Candidat à la présidence de l’UMP, Jean-François Copé est prêt à tout et surtout à se dédire pour gagner cette élection interne.

Devant des militants, l’ancien patron des députés UMP s’est dit favorable à la suppression de l’Aide médicale d’Etat, sauf dans les situations d’urgence.
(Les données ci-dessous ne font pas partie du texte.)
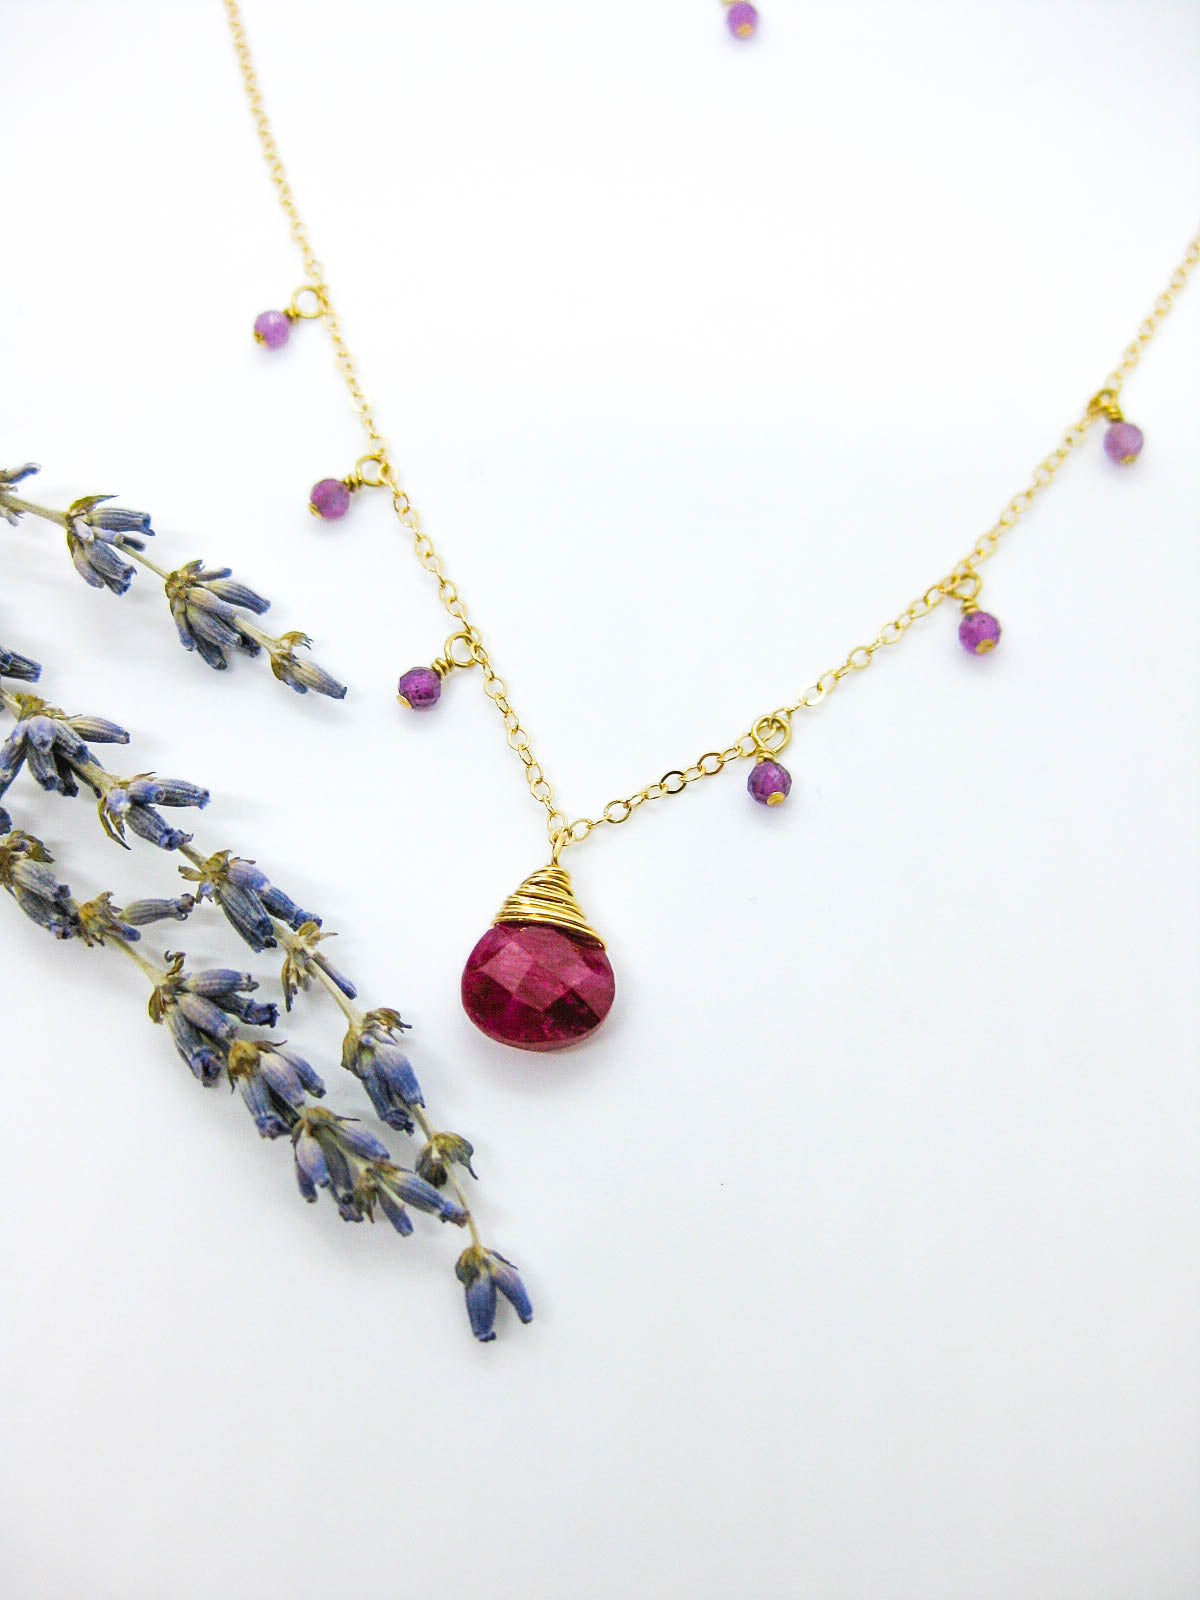 simple ruby necklace

Ce revirement de circonstance ne trompera pas les Français. Jean-François Copé qui semble découvrir le coût financier exorbitant pour la communauté nationale de l’immigration clandestine, n’a pendant cinq ans, jamais émis la moindre réserve contre cette pompe aspirante de l’immigration sanitaire qui a coûté 588 millions d’euros aux Français en 2011, lesquels sont de plus en plus nombreux à renoncer à se soigner faute de moyens suffisants.

De même, on n’a guère entendu Jean-François Copé lorsqu’en juillet 2012, en plein débat sur la suppression de la franchise médicale imposée aux clandestins bénéficiaires de l’AME, Thierry Mariani, ancien ministre du gouvernement Sarkozy assurait que « personne à l’UMP ne veut remettre en cause l’AME ».

Si le candidat à la présidence de l’UMP était vraiment sincère son groupe aurait voté l’amendement présenté lors de ce même débat par Gilbert Collard, député du Rassemblement Bleu Marine, visant à supprimer l’Aide médicale d’Etat.